As shown in Figure 5B, in mir-29a over-expressed cells, the expression of luciferase was dramatically inhibited (P < 0.01). In contrast with inhibition of mir-29a on wild type 3′-UTR of B-Myb, mir-29a cannot inhibit the luciferase expression (P > 0.05), when the binding site of mir-29a in 3′-UTR of B-Myb was mutated. Consistent with this, in MDA-MB-453 cells that over-expressed Mir-29a, protein level of B-Myb decreased (Figure 5C). Consistently in these cells, the downstream effectors of KU-57788 solubility dmso B-Myb such as learn more cyclin A2 and D1 were also down-regulated by Mir-29a over-expression (Figure 5C). On the contrary, in MCF-10A cells with Mir-29a knockdown, the protein level of B-Myb is dramatically up-regulated (Figure 5D).

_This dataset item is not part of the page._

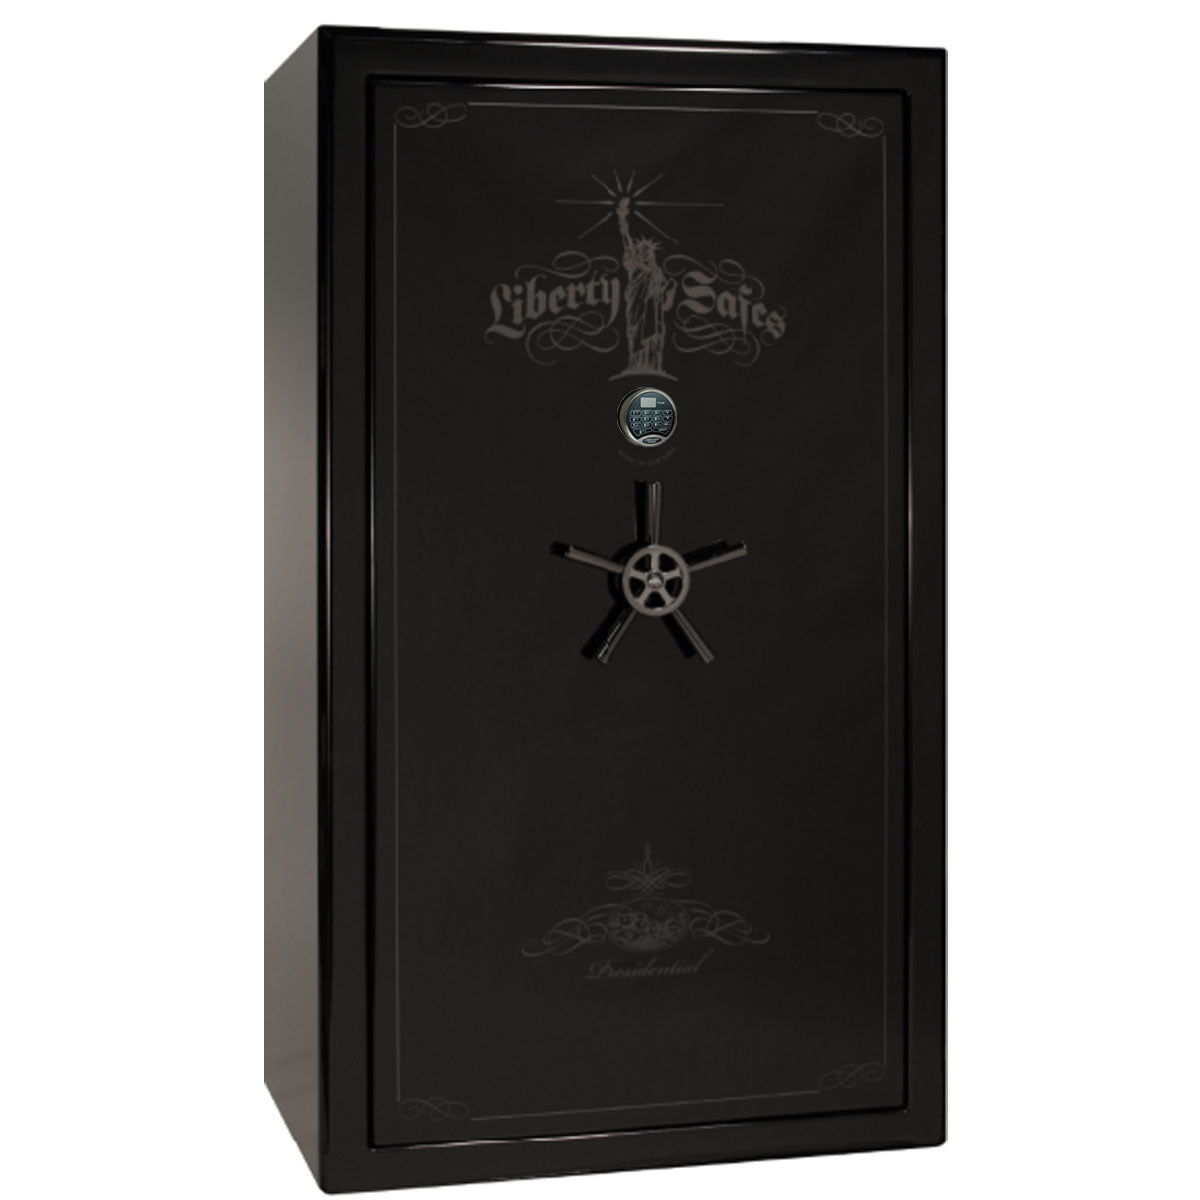 Liberty Safe Presidential 50 in Black Gloss with Black Chrome Electronic Lock, closed door.

Consistent with an increased level of B-Myb, in MCF-10A cells, levels of Cyclin A2 and D1 were also up-regulated. All these findings suggested that Mir-29a probably regulates cell growth through B-Myb. Figure 5 B-Myb acts as the downstream effector of mir-29a to regulate cell cycle. A, the scheme of the plasmid construction for the luciferase assay. B, relative luciferase activities of the cells (with or without mir-29a
over-expression) transfected with either wild or Nepicastat price mutant 3′-UTR of B-Myb; n = 5, Mean ± SD. C, protein levels of cyclin A2, cyclin D1 and B-Myb in MDA-MB-453 cells with or without mir-29a over-expression. D, protein levels of cyclin A2, cyclin D1 and B-Myb in MCF-10A cells with or without mir-29a knockdown. Discussion As described earlier, the function of Mir-29a in tumorigenesis and metastasis remains controversial. Muniyappa et al. showed that Mir-29a was down-regulated in invasive lung cancer cells and invasive phenotype of cancer cells could be suppressed by ectopic expression of Mir-29a [23]. Study from Xu et al. mafosfamide also showed that expression level of Mir-29a is significantly lower in various
solid tumors [24]. In contrast, Mir-29a is also shown to be up-regulated in certain leukemia cells [25]. In this study, we focused on the role of Mir-29a in breast cancers cells. We showed that expression level of Mir-29a is down-regulated in various breast cancer cells (Figure 2). This data indicates that Mir-29a expression is probably associated with breast cancer. One piece of evidence to support this hypothesis is that over-expression of Mir-29a in breast cancer cells significantly reduce cancer cell growth rate (Figure 3B). Consistent with this result, knockdown of Mir-29a in normal mammary epithelial cells cause higher cell growth rate (Figure 4B). These data strongly suggested Mir-29a inhibited tumorigeneses through suppression of cell growth. We also showed that the inhibitory effect of Mir-29a to breast cancer cells is probably due to its role in arresting cells in G0/G1 cells (Figure 3C-E and 4C-E). Previous studies showed that Mir-29a is able to suppress the expression of tristetraprolin, which is involved in epithelial-to-mesenchymal transition [17].